As the old expression goes, “speed kills,” and the world of cybersecurity is no different. Artificial intelligence (AI) cyber attacks enable hackers to break into networks and find critical data assets before security analysts can spot them. 

Unfortunately, AI-driven attacks aren’t a science fiction invention but a reality that security teams face daily. 

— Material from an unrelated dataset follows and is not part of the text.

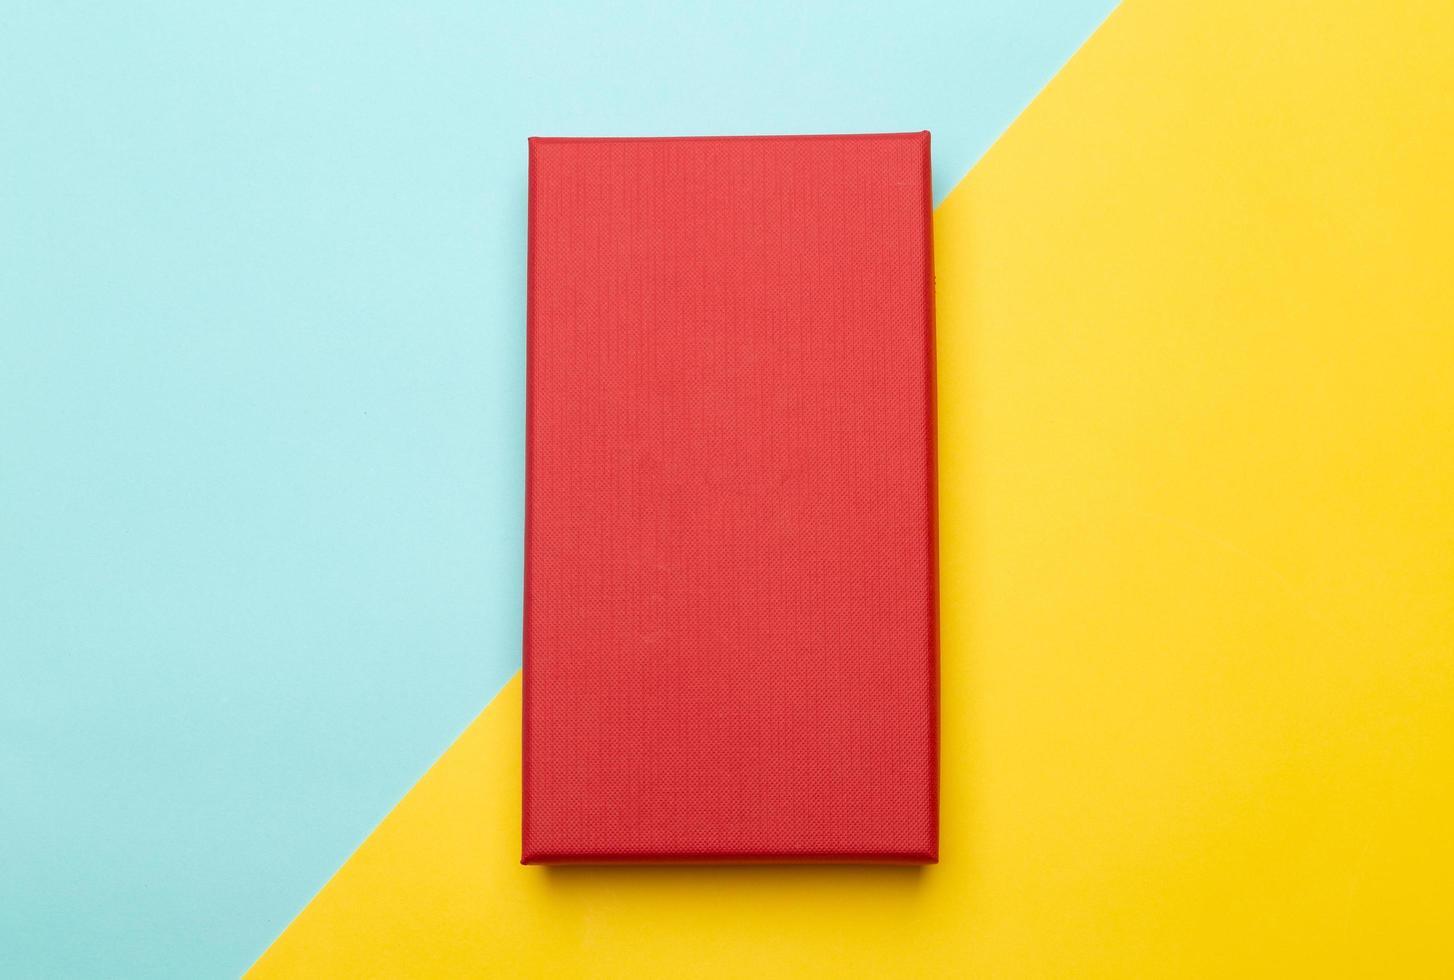 rode doos op gele en blauwe achtergrond foto

For instance, the widespread adoption of generative AI tools, like ChatGPT and Bard, appears to have led to a dramatic increase in phishing attacks. A report produced by cybersecurity vendor SlashNext found that there’s been a 1,265% increase in malicious phishing emails since the launch of ChatGPT. 

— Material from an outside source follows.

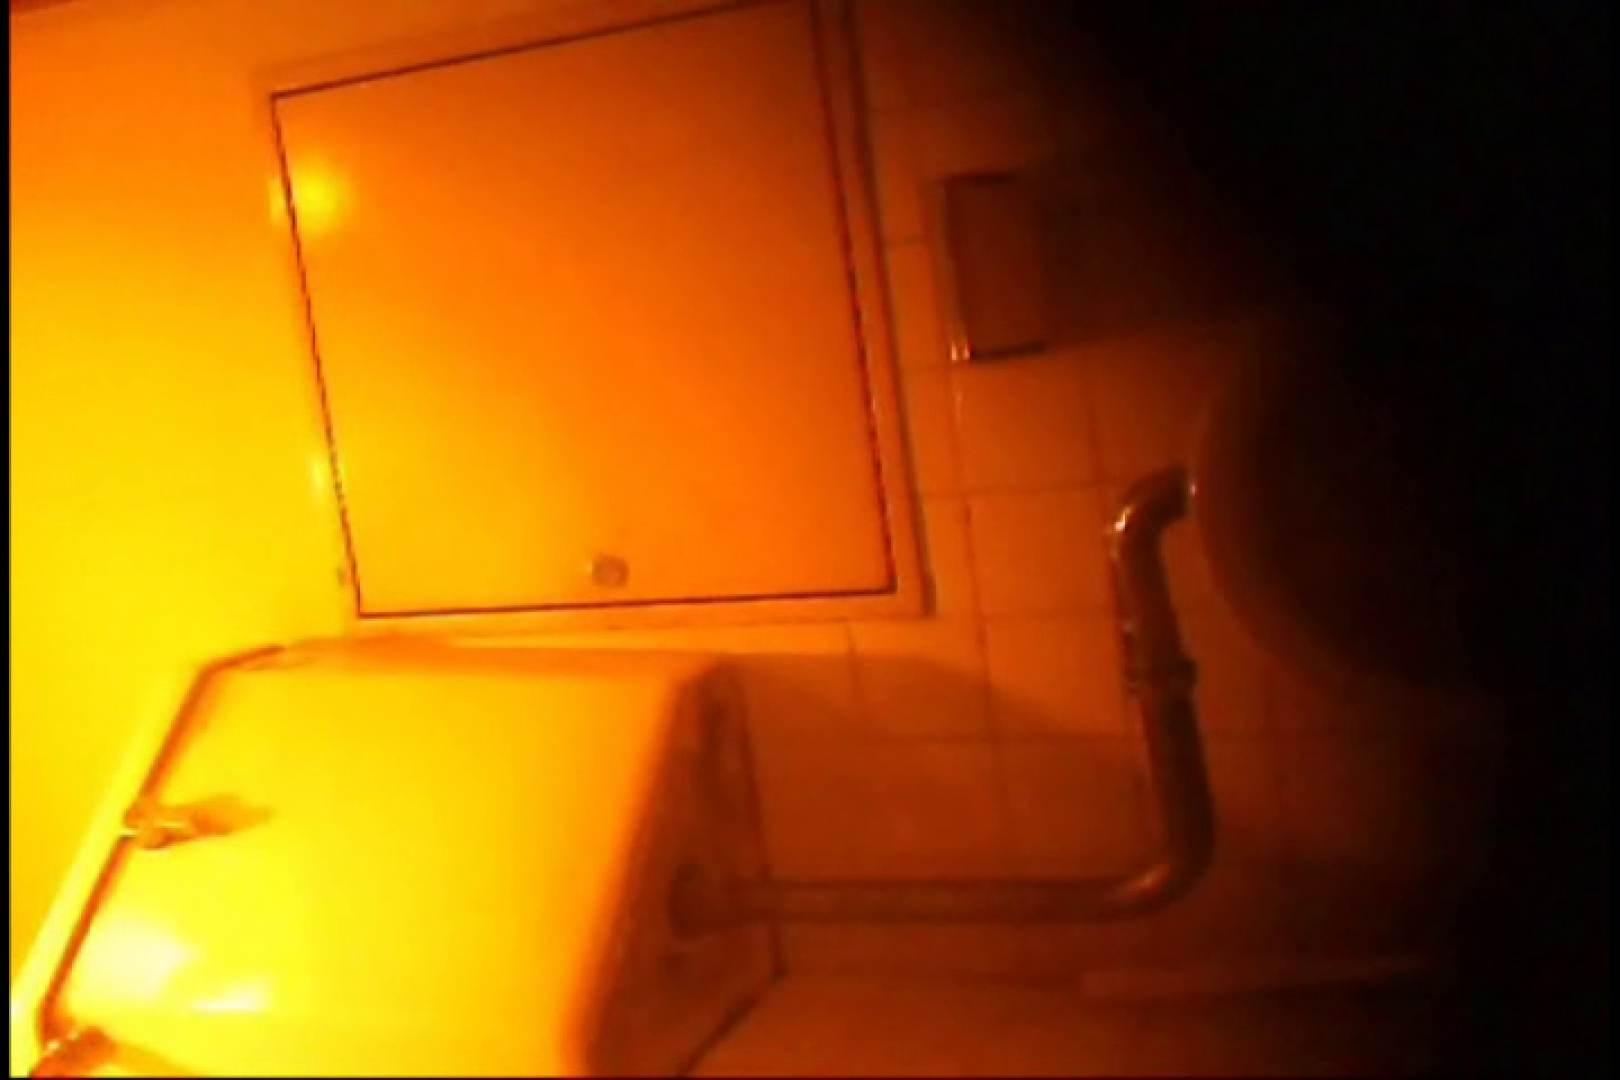 亀さんかわや VIP和式2カメバージョン! vol.04 お姉さん達のオマンコ すけべAV動画紹介 92連発 11

The State of AI in Cyber Attacks in 2024

For years, defenders have discussed how AI can be used in cyber attacks, and the rapid development of large language models (LLMs) has increased concerns over the risks presented. 

In March 2023, anxiety over automated attacks was high enough that Europol issued a warning about the criminal use of ChatGPT and other LLMs. Meanwhile, NSA cybersecurity director Rob Joyce warned companies to “buckle up” for the weaponization of generative AI.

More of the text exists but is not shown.